Could you retype exactly the lines below between the one holding "本質的ではない鋼逃げるディス" and the one holding "הדמיה אדריכלית של דיור מוגן", inclusive, leaving out any pictures?

◆ ENTRIES PROVIDED
________________________

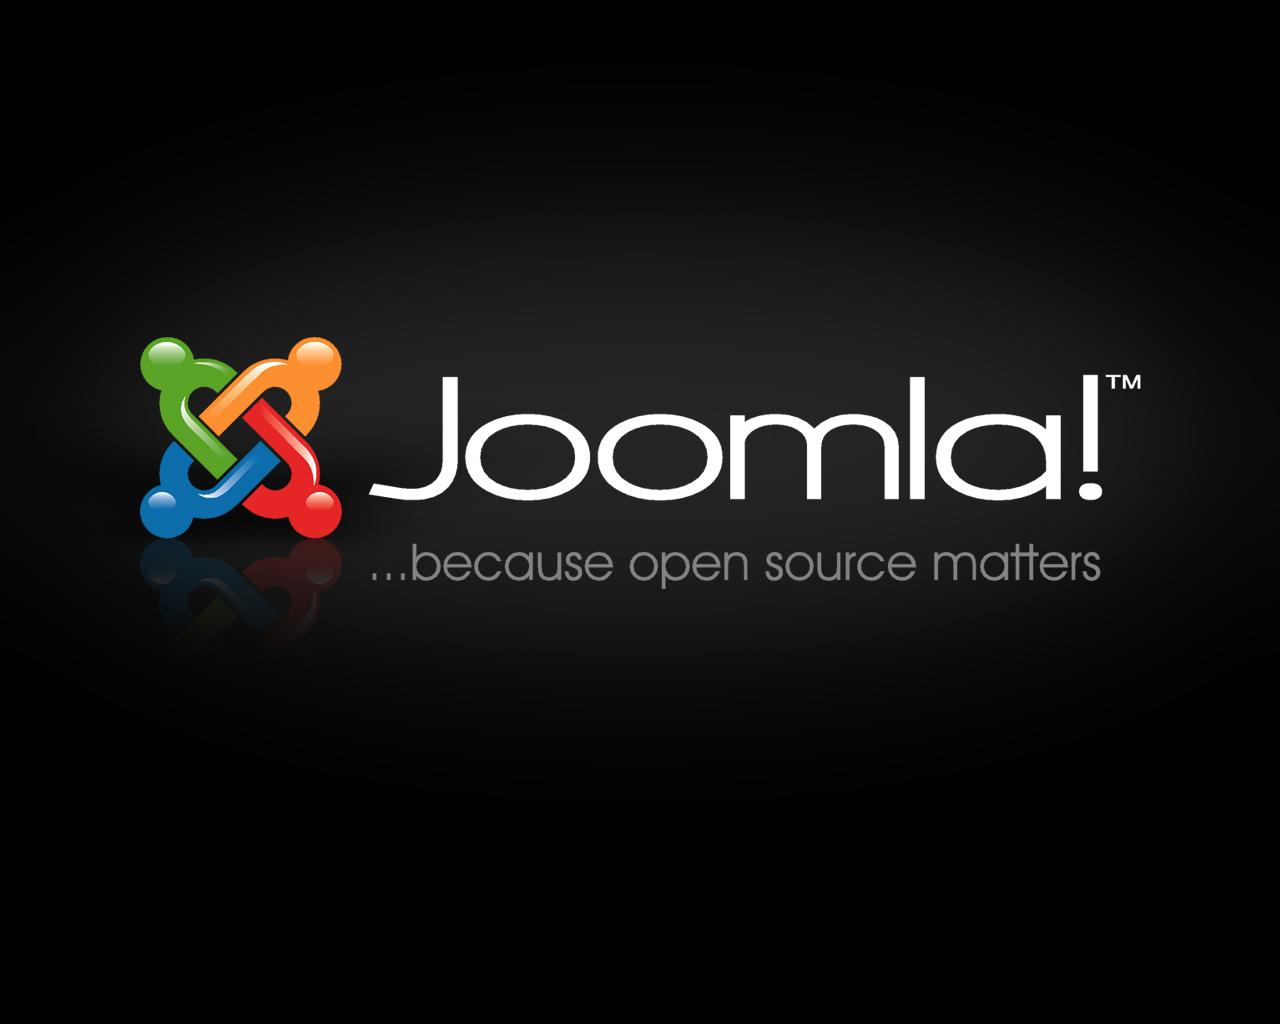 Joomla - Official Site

________________________

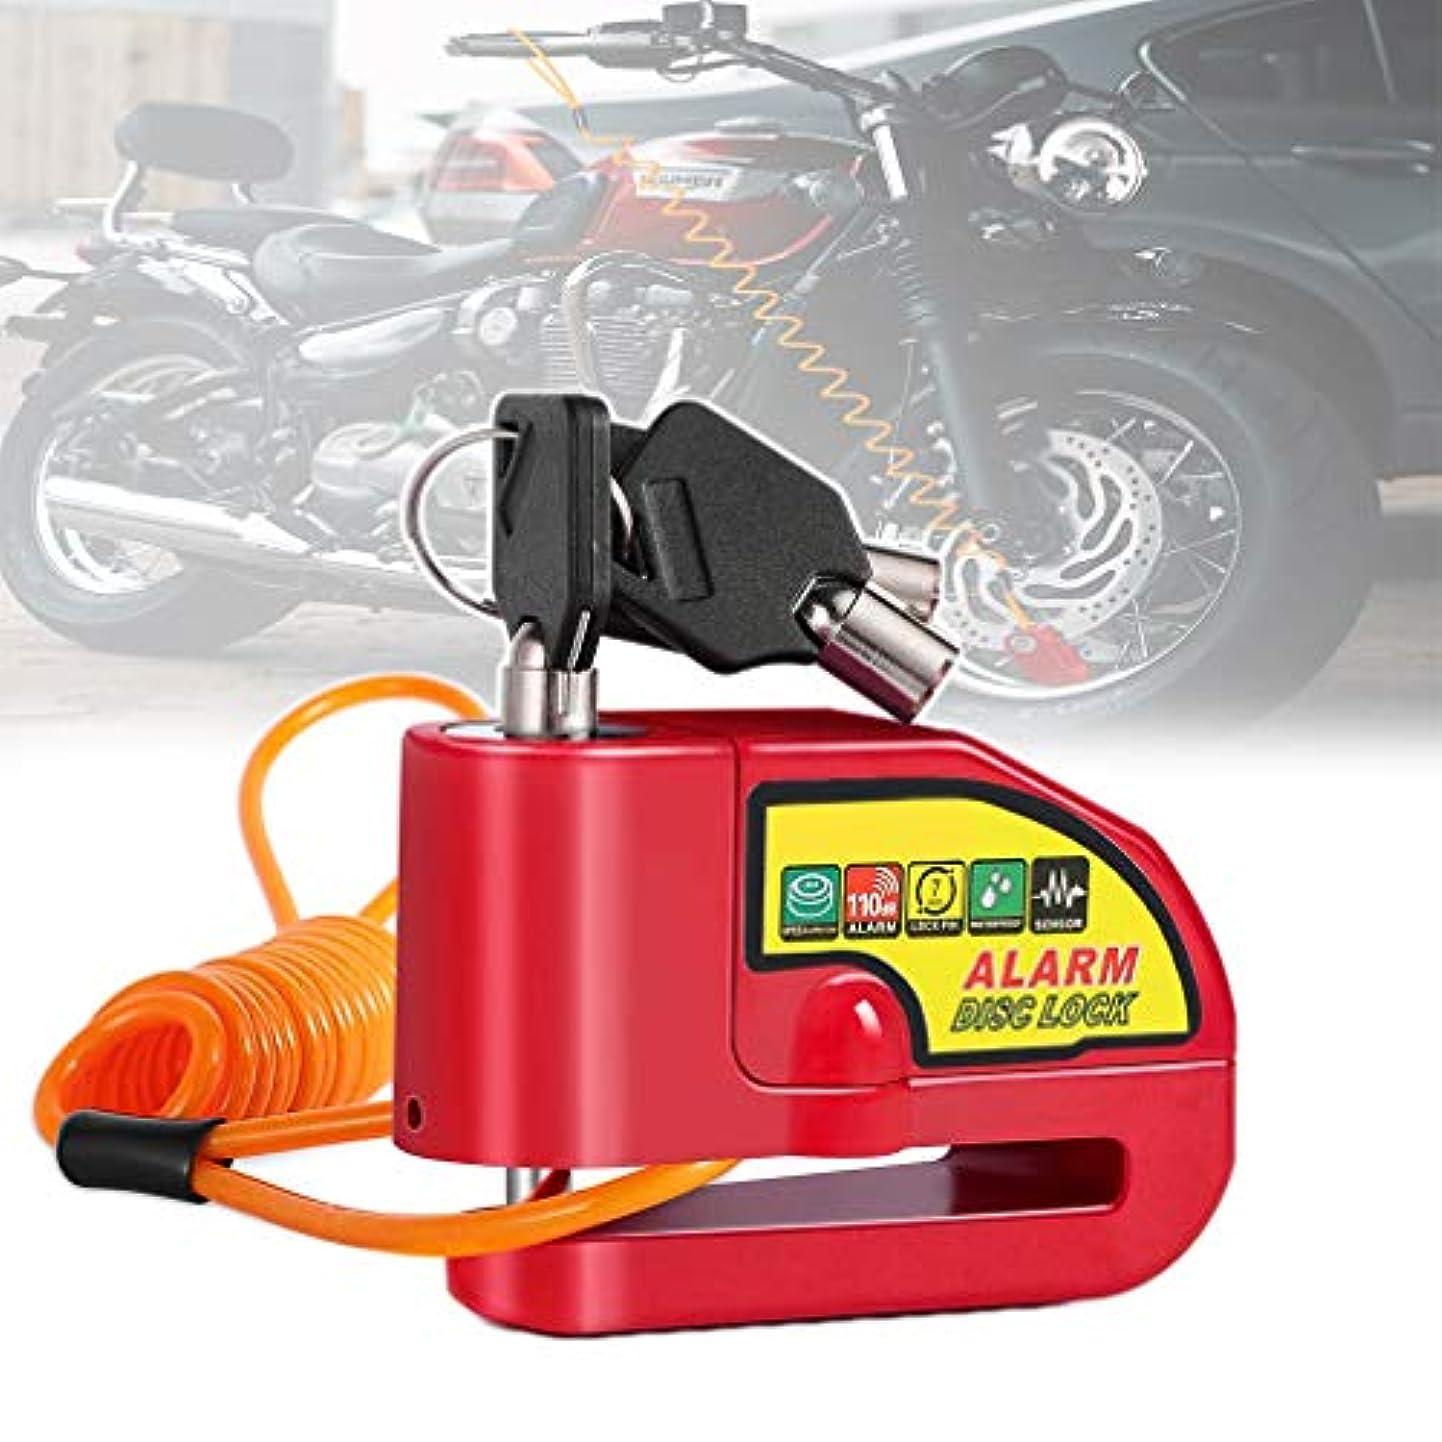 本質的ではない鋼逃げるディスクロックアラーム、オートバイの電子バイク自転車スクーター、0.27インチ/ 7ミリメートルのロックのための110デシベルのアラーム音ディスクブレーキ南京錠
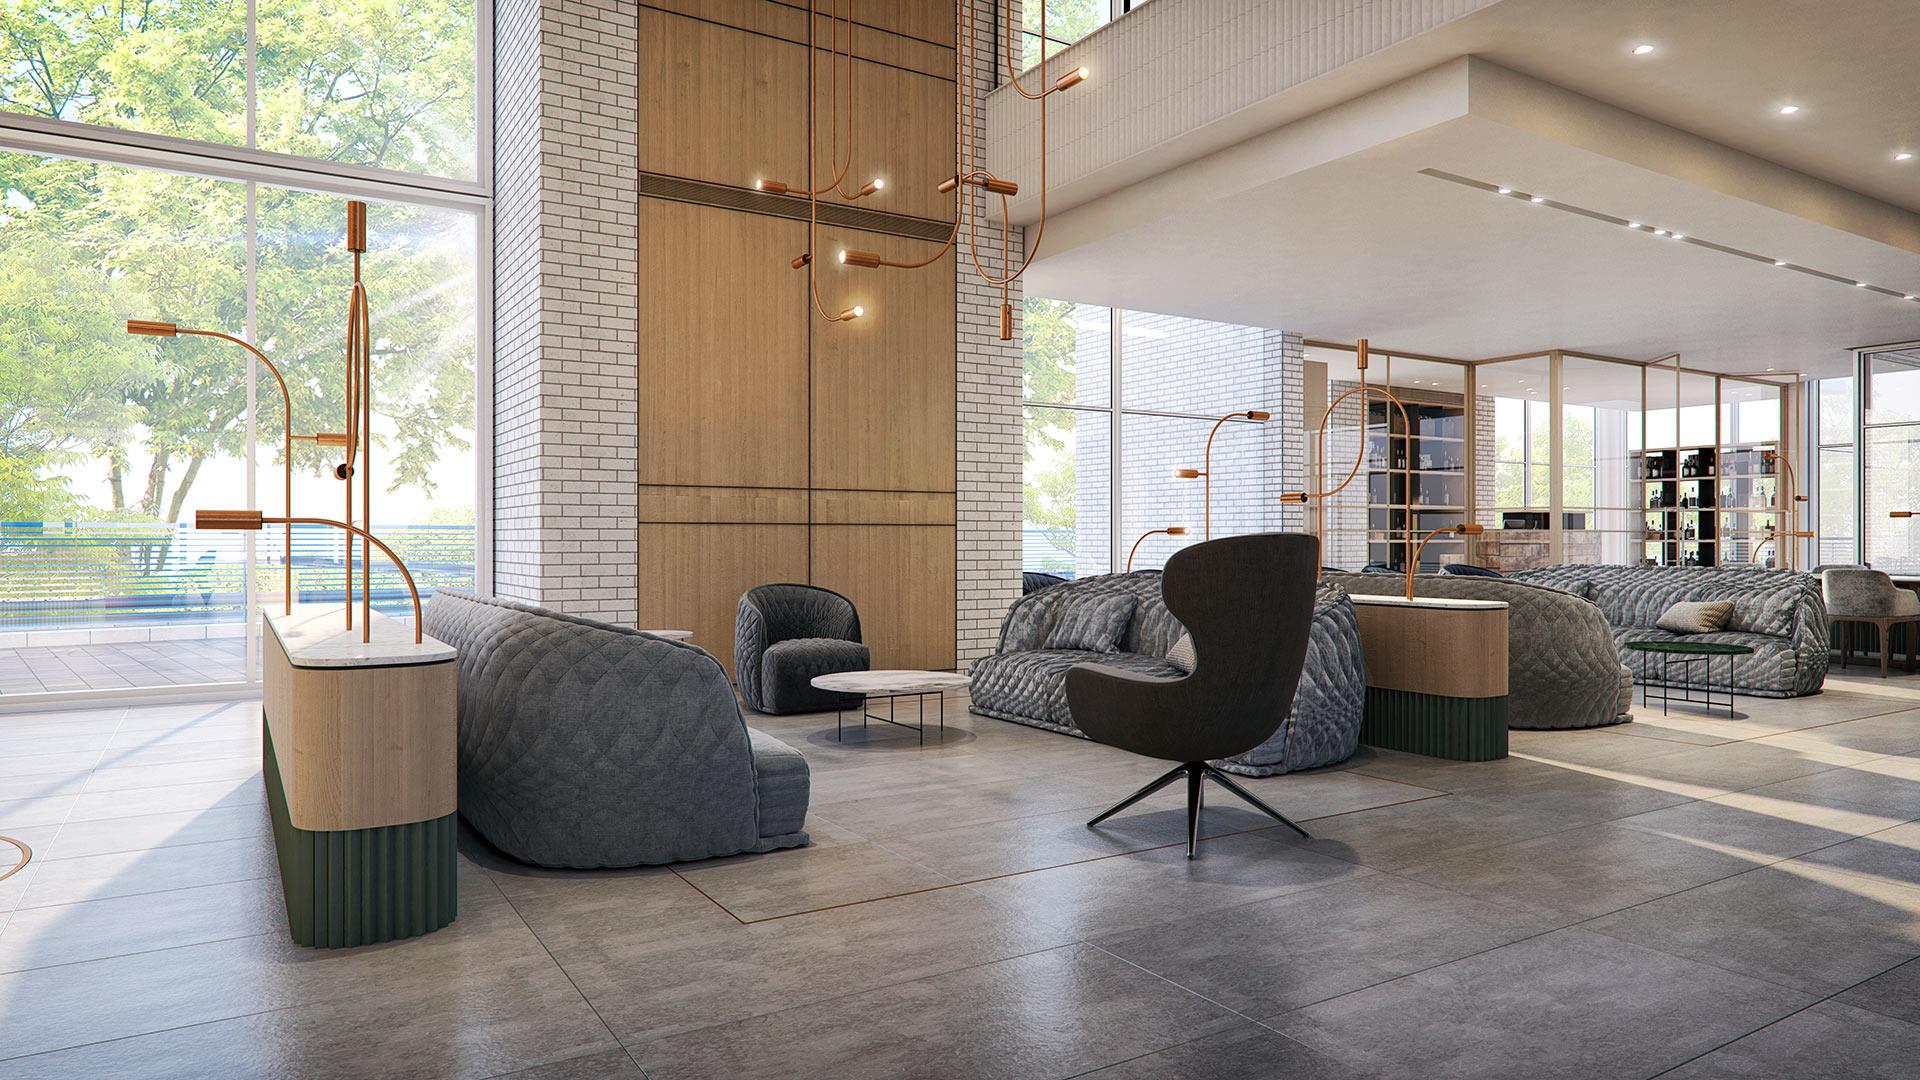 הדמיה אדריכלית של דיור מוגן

________________________

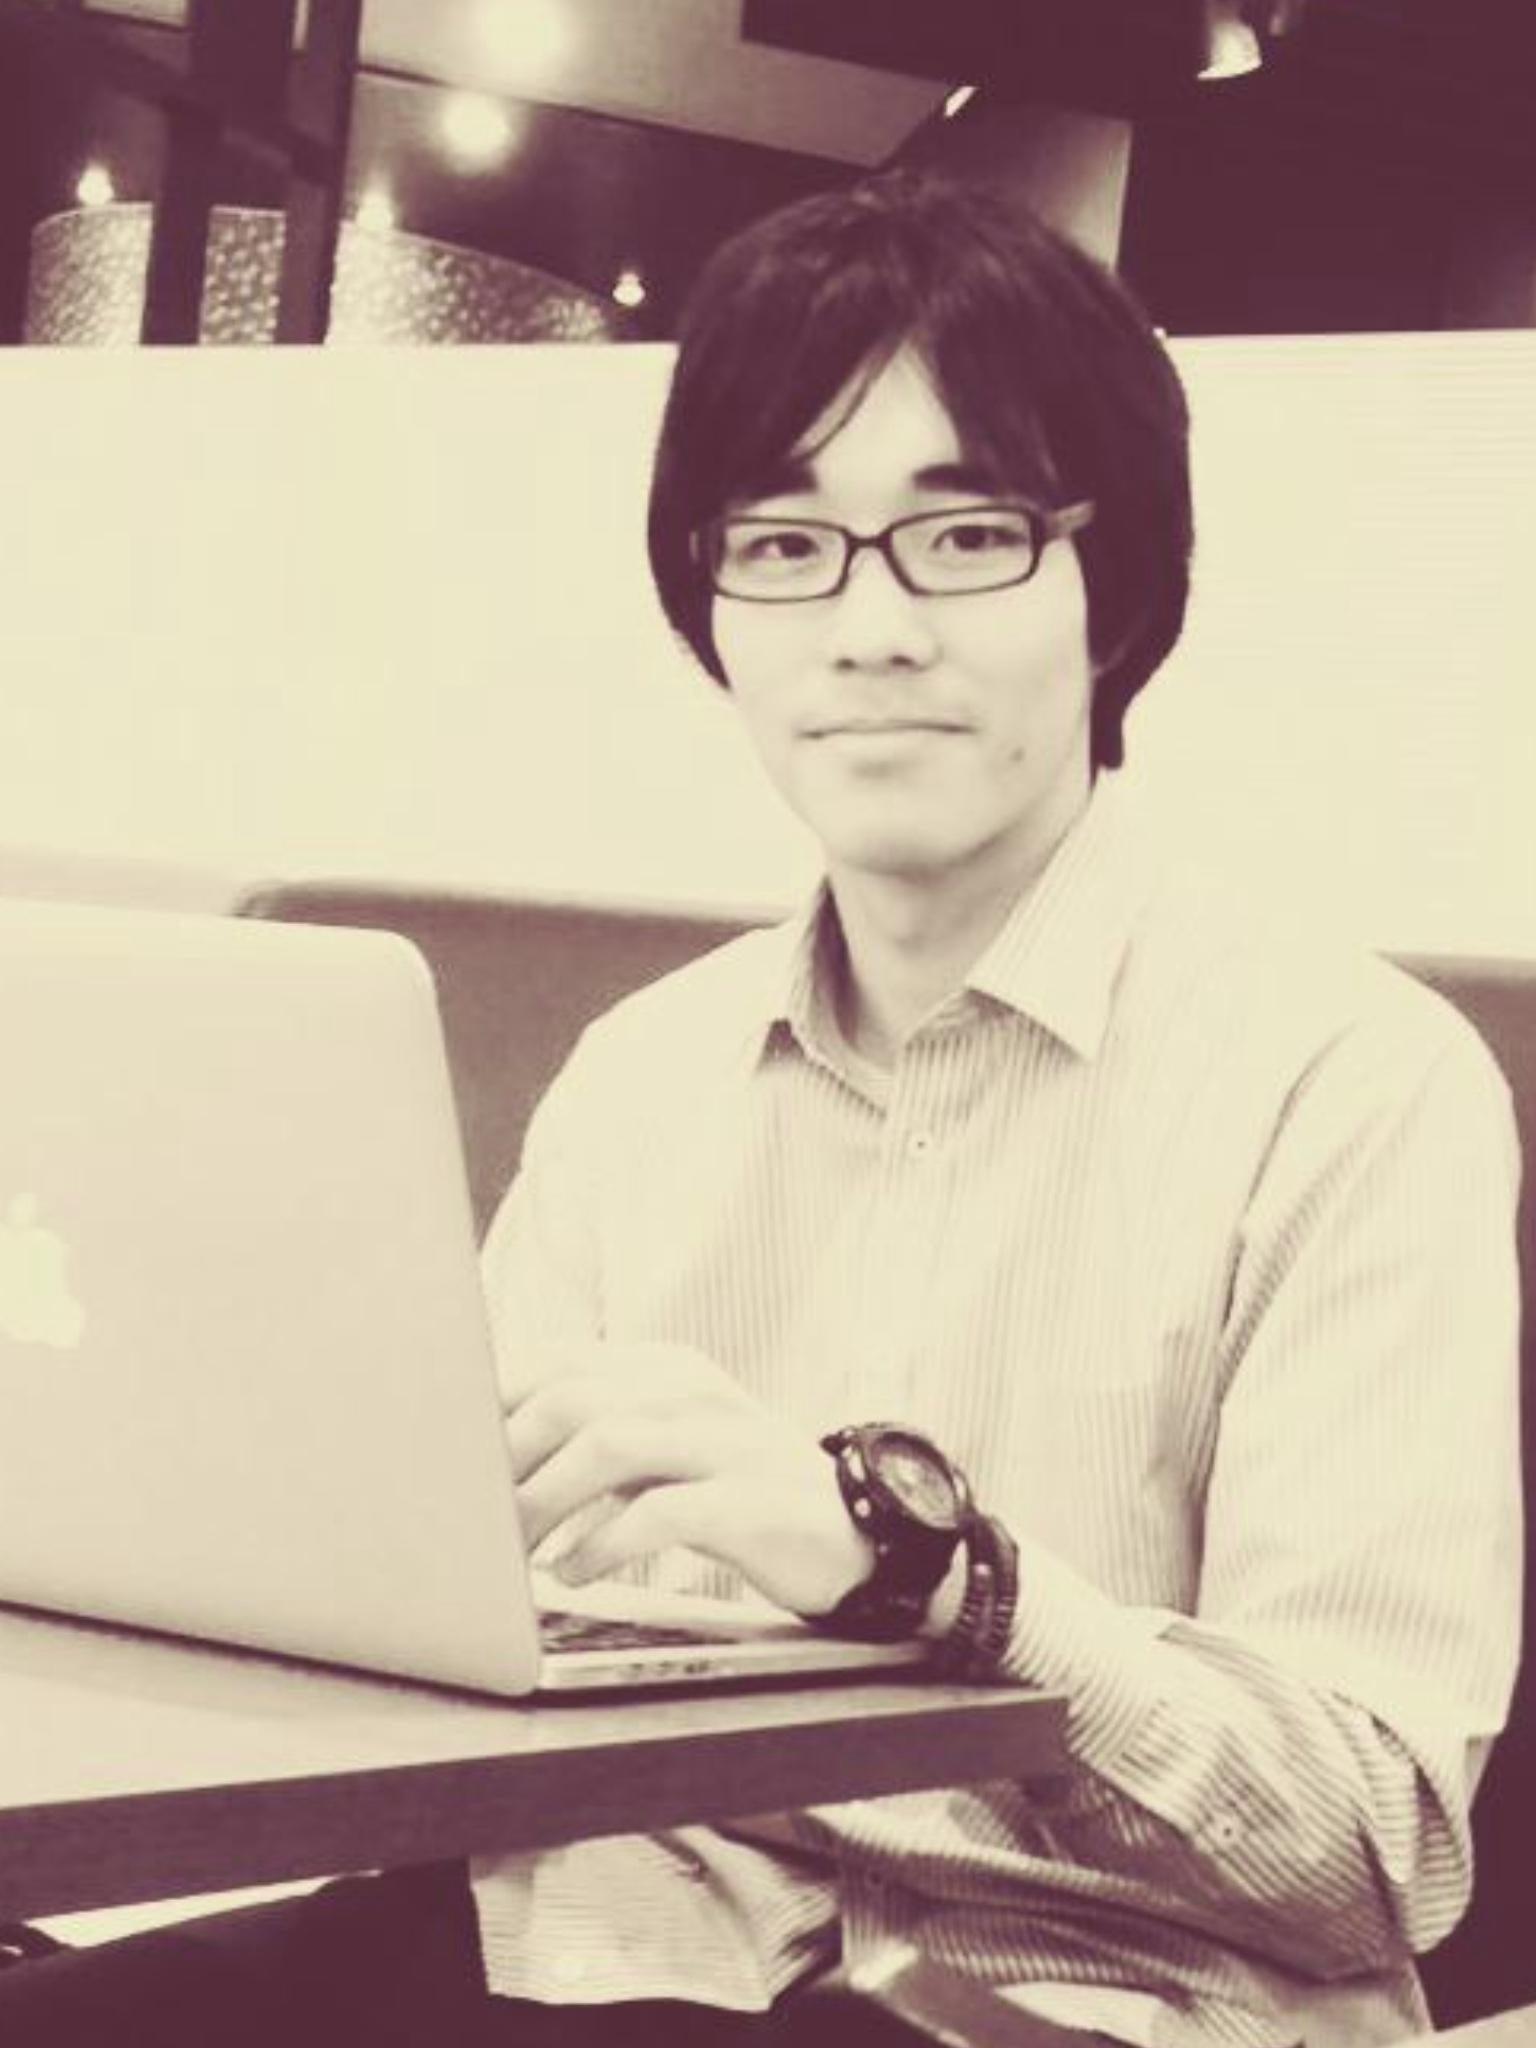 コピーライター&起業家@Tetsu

________________________

◆ OUTPUT BELOW
 本質的ではない鋼逃げるディスクロックアラーム、オートバイの電子バイク自転車スクーター、0.27インチ/ 7ミリメートルのロックのための110デシベルのアラーム音ディスクブレーキ南京錠
 הדמיה אדריכלית של דיור מוגן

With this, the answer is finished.